DNA methylation is an important epigenetic modification at the transcriptional regulation level, and this process is directly and substantially related to CpG islands [5, 15, 16]. Over 50% of human genes are associated with CpG islands in their promoter regions [3, 7], while ~15–35% of CpG islands are located in the promoter regions of genes, according to several algorithms [10, 11]. Promoter-associated CpG islands have different features compared to other types of CpG islands; these features include a longer CpG island sequence, higher GC content, and higher CpG O/E ratio [6, 10]. However, the correlation between the methylation of promoter-associated CpG islands and gene expression is more complex than what investigators previously thought. Several studies reported that the methylation level of promoter-associated CpG islands is negatively correlated with gene expression strength [16, 17] while others observed no or weak correlations [18, 19]. This difference may be due to the dynamic and complex nature of methylation in cellular systems [2023]. Until 2009, when single-base resolution methylome data was released, studies regarding the relationship between CpG islands, methylation, and gene expression were limited.
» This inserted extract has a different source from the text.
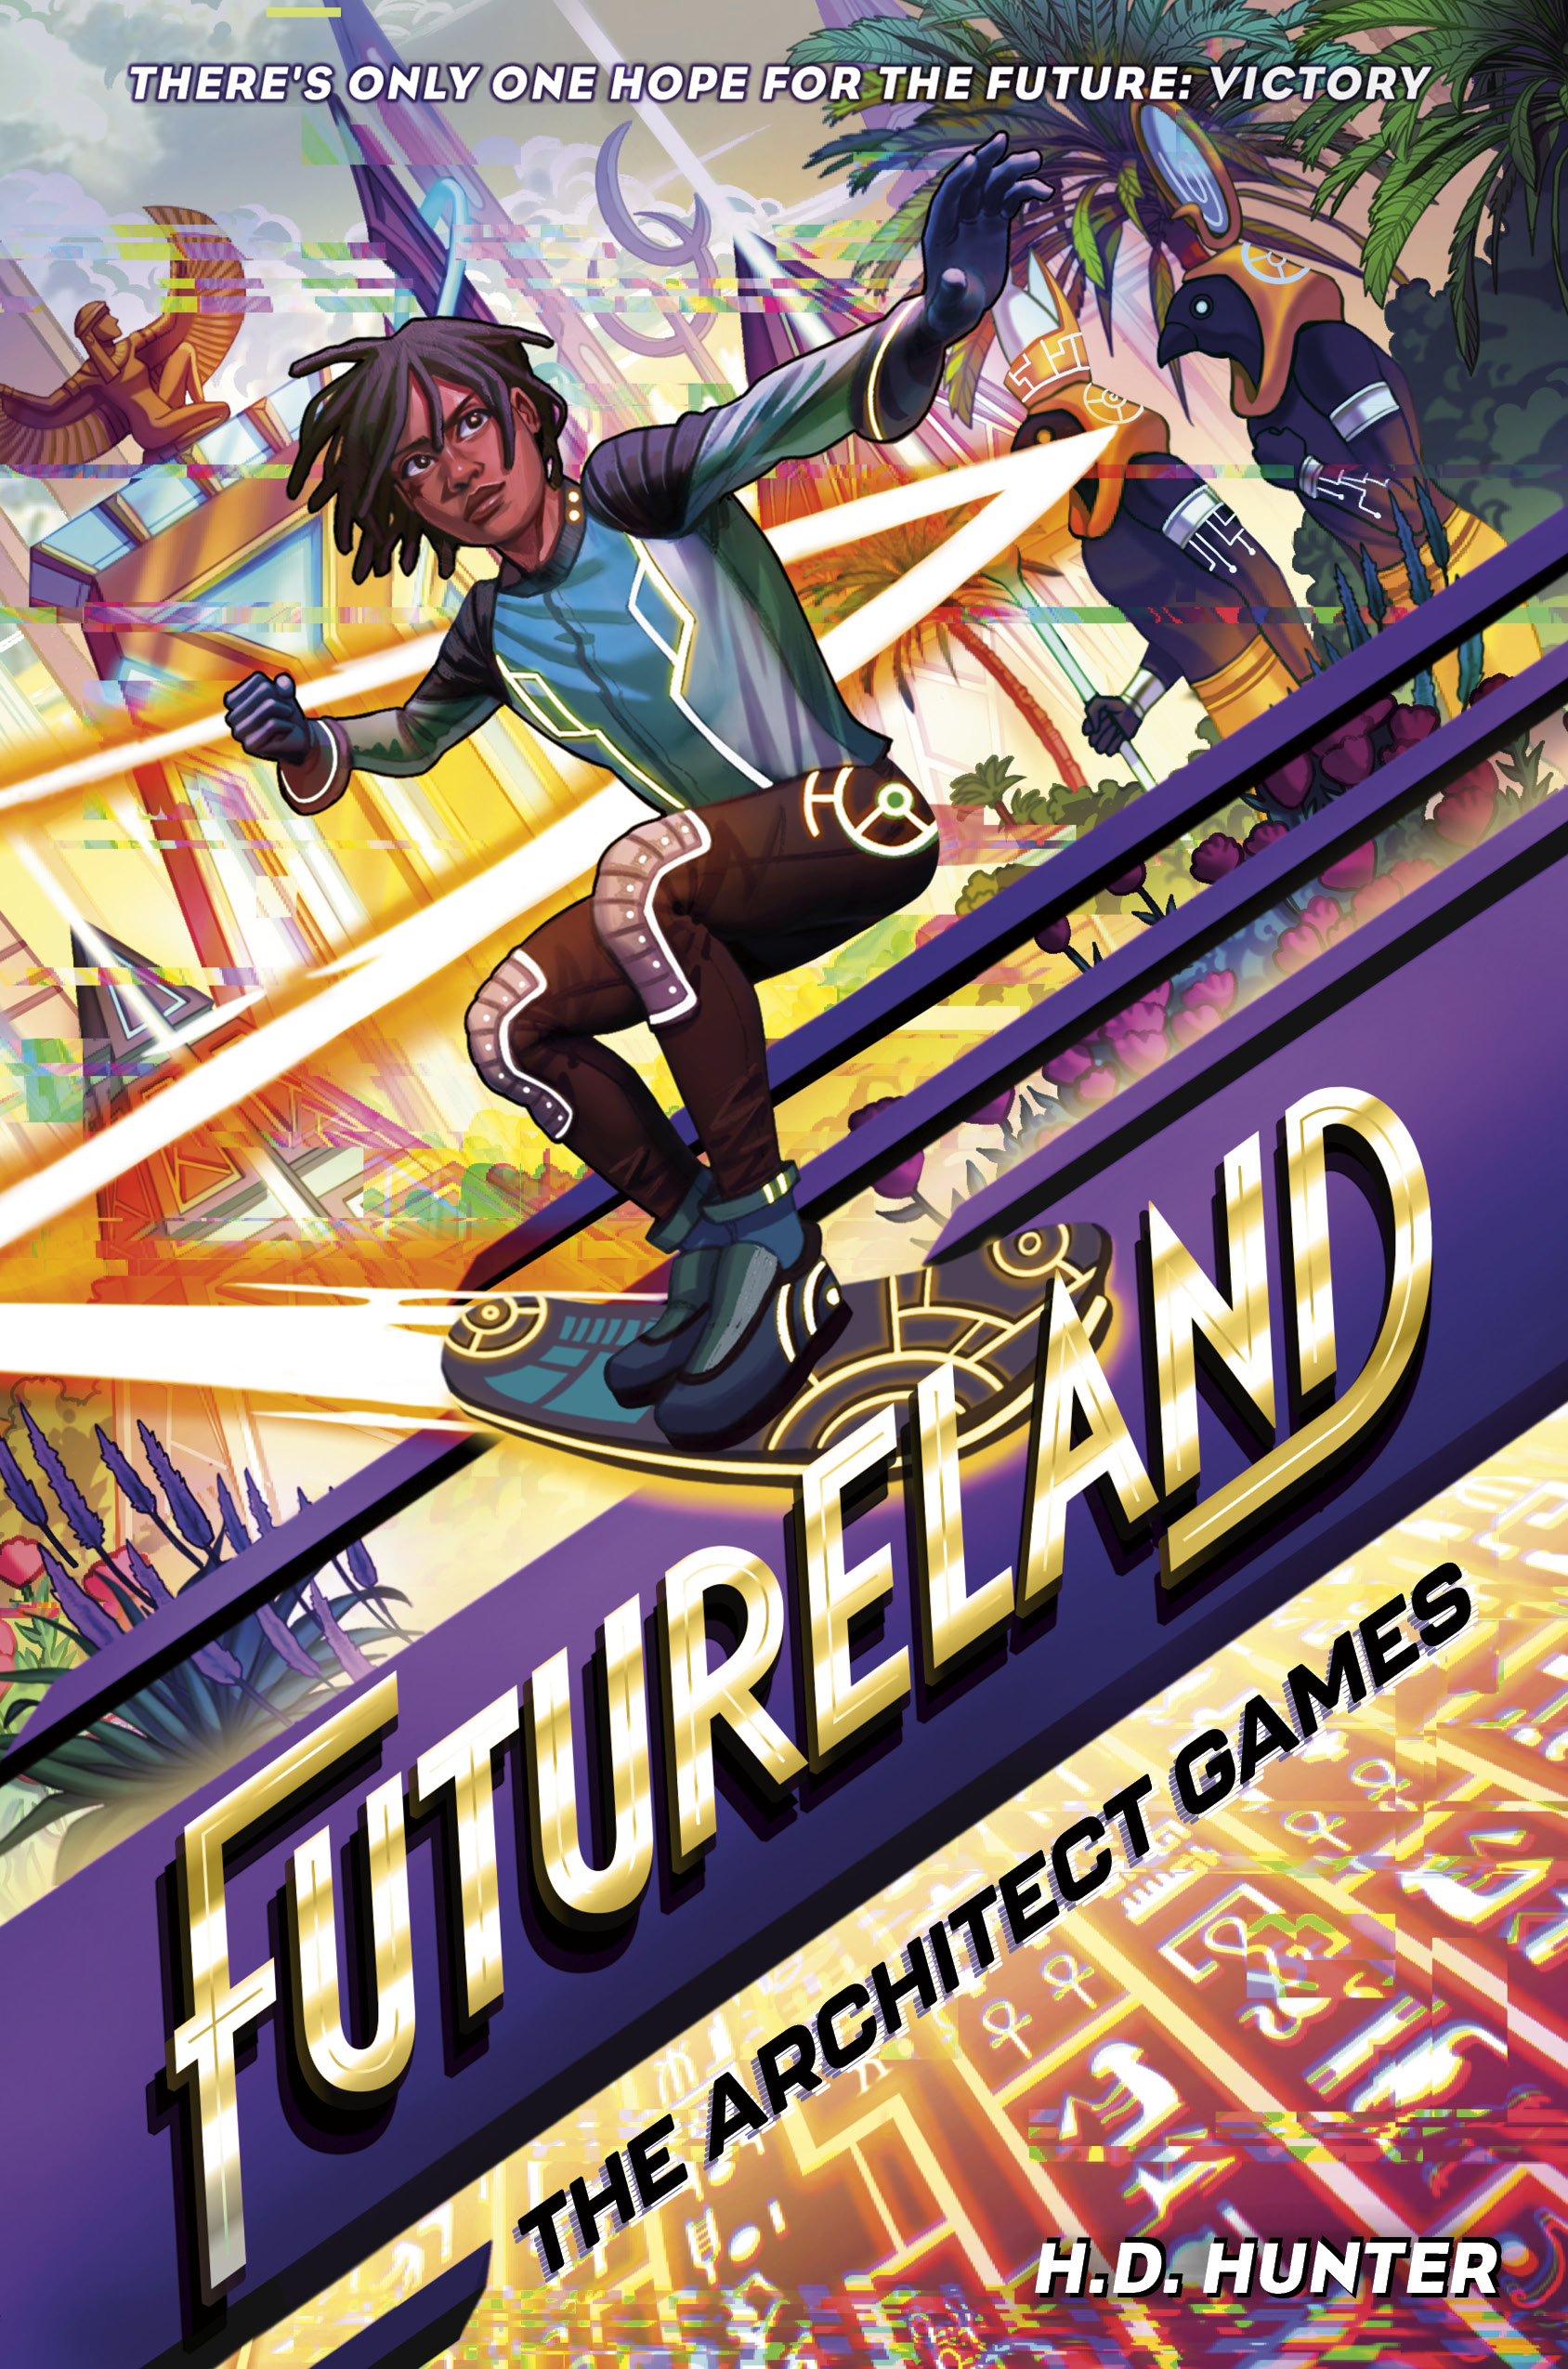 Futureland: The Architect Games

Additionally, the earlier data was often at the computational level and used features based on low-resolution data generated by array-based technology [24]. In this study, we performed an extensive investigation of the correlations between CpG islands, methylation, and gene expression by taking advantage of newly available whole genome base-resolution methylation profiling [25].

2. Materials and Methods

2.1. Identification of CpG Islands in the Human Genome

We used the stringent criteria presented in Takai and Jones [4] to search CpG islands: length ≥ 500 bp, GC content ≥ 55%, and CpG O/E ratio ≥ 0.65. We also used the CpG cluster algorithm developed by Hackenberg et al. [8] to identify CpG clusters. In this study, we integrated the use of both CpG islands and CpG clusters because of their expected similarities in terms of their service as gene markers and measurement of methylation status. To identify comparable numbers of CpG clusters and CpG islands in the whole genome, we used median distance of each as the cutoff value and the P value < 10−15 or < 10−20, respectively. These two P value cutoffs allowed us to obtain two sets of CpG clusters for comparison. We then downloaded CpG islands annotated by the UCSC Genome Browser (http://genome.ucsc.edu/), which were screened from the human genome by the following criteria: length > 200 bp; GC content ≥ 50%, and CpG O/E ratio > 0.6. Moreover, the UCSC algorithm searches the reference sequence one base at a time, scores each dinucleotide (+17 for CpG and −1 for others), and identifies maximally scored segments.

2.2. Sequence Data and Gene Annotation

We downloaded the assembled human genome sequence from the National Center for Biotechnology Information (NCBI, build 36, ftp://ftp.ncbi.nih.gov/genomes/). We also extracted the Transcriptional Start Sites (TSS) for human Refseq genes from the UCSC Genome Browser (http://genome.ucsc.edu/). The promoter region was defined as −1,500 to +500 bp around the TSS, as previously described [10].

2.3. Base-Resolution Methylation Data in the Human Genome

To evaluate the methylation status in CpG islands and CpG clusters, we downloaded the base-resolution methylation data for H1 and IMR90 cell lines in the human genome reported in Lister et al. [25], which are the first human DNA methylomes at base resolution (http://neomorph.salk.edu/human_methylome/data.html). Here, we used methylation broadness [26] to evaluate the methylation level in a CpG island. The methylation broadness represents the fraction of cytosine sites detected as methylated in a given DNA segment. It can be calculated as the proportion of methylated CpG sites over the total sites in a sequence (i.e., number of methylated CpG sites/total CpG sites) [26]. A methylated CpG site is defined as the CpG site with at least one methylated read. Additionally, we obtained the methylation data in the promoter regions in the human H1 cell line from Bock et al. [27].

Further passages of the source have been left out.